__GIVEN MATERIAL__:
=== Section Start ===
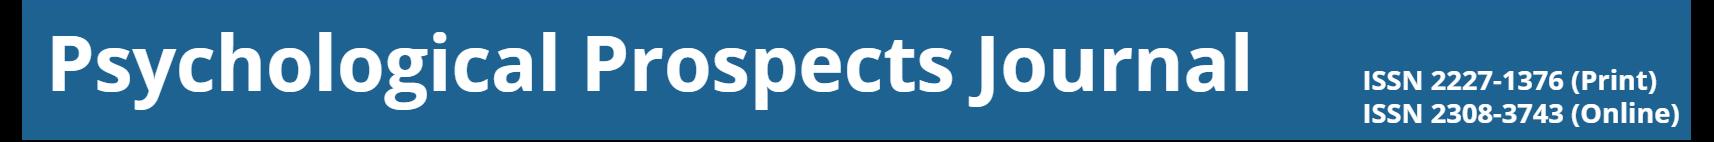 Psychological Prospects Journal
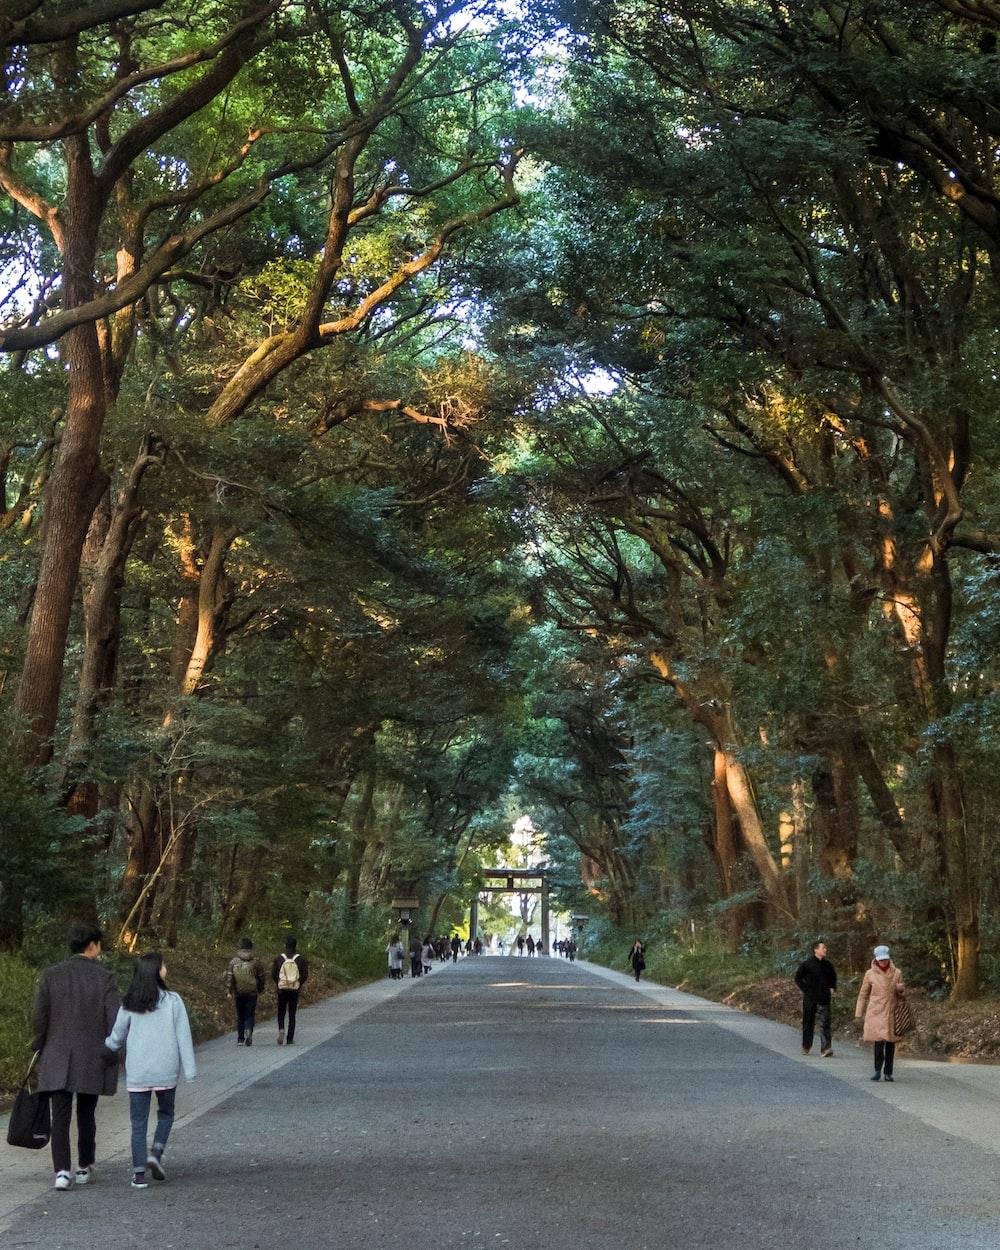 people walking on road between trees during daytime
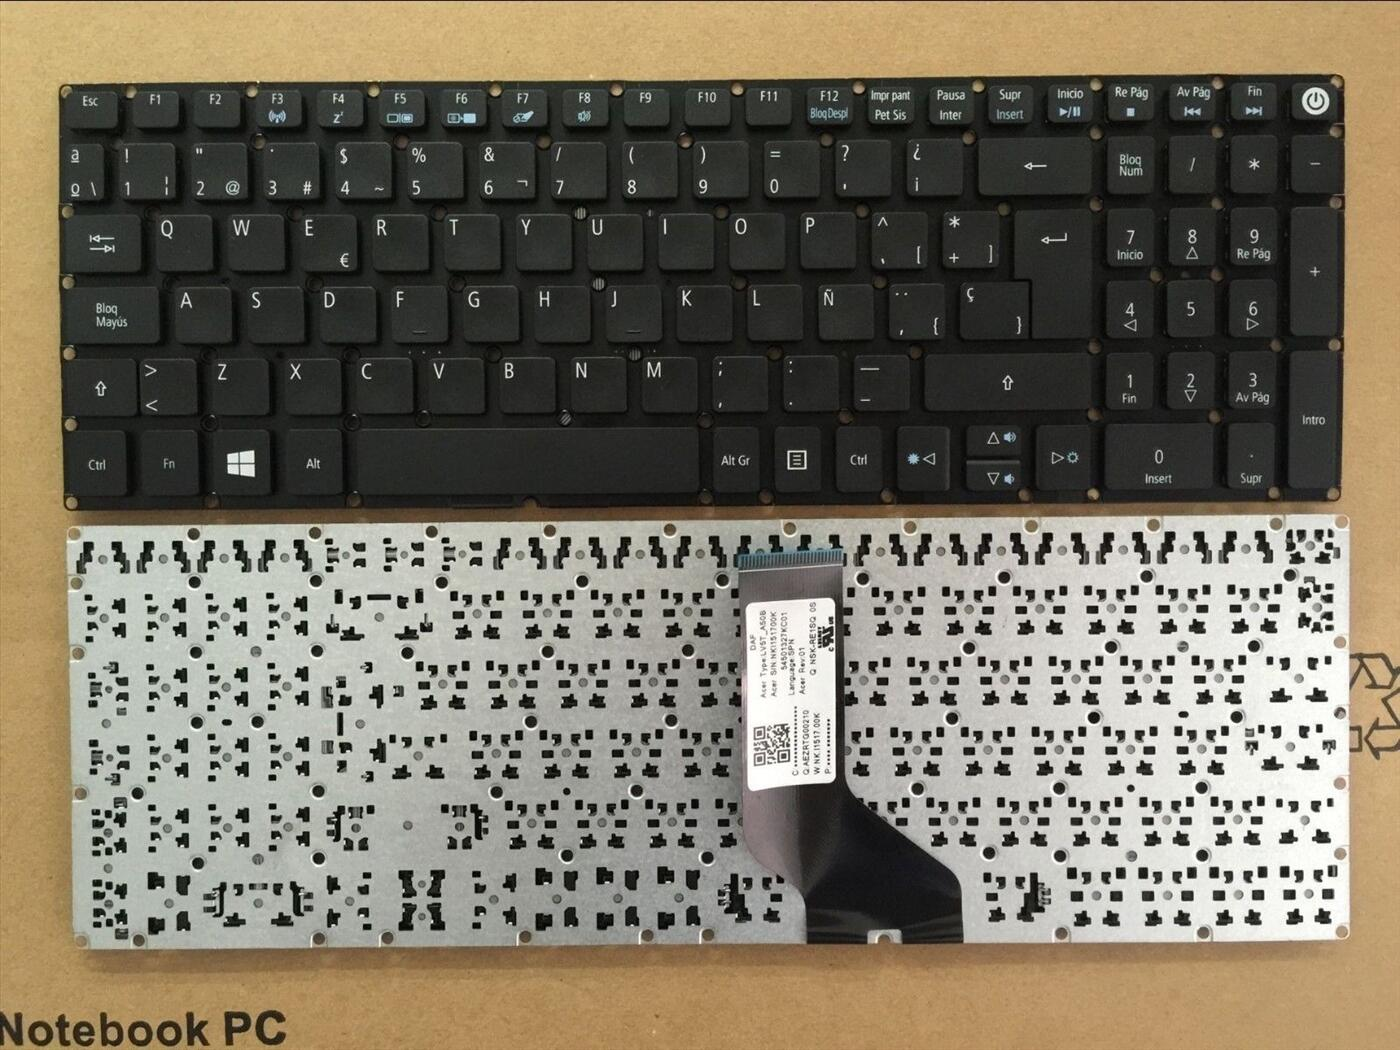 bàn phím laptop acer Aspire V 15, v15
=== Section End ===
__ASSIGNMENT__:
Transcribe all of the lines above exactly as given. The pictures stay out.

__SOLUTION TO THIS TASK__:
 Psychological Prospects Journal
 people walking on road between trees during daytime
 bàn phím laptop acer Aspire V 15, v15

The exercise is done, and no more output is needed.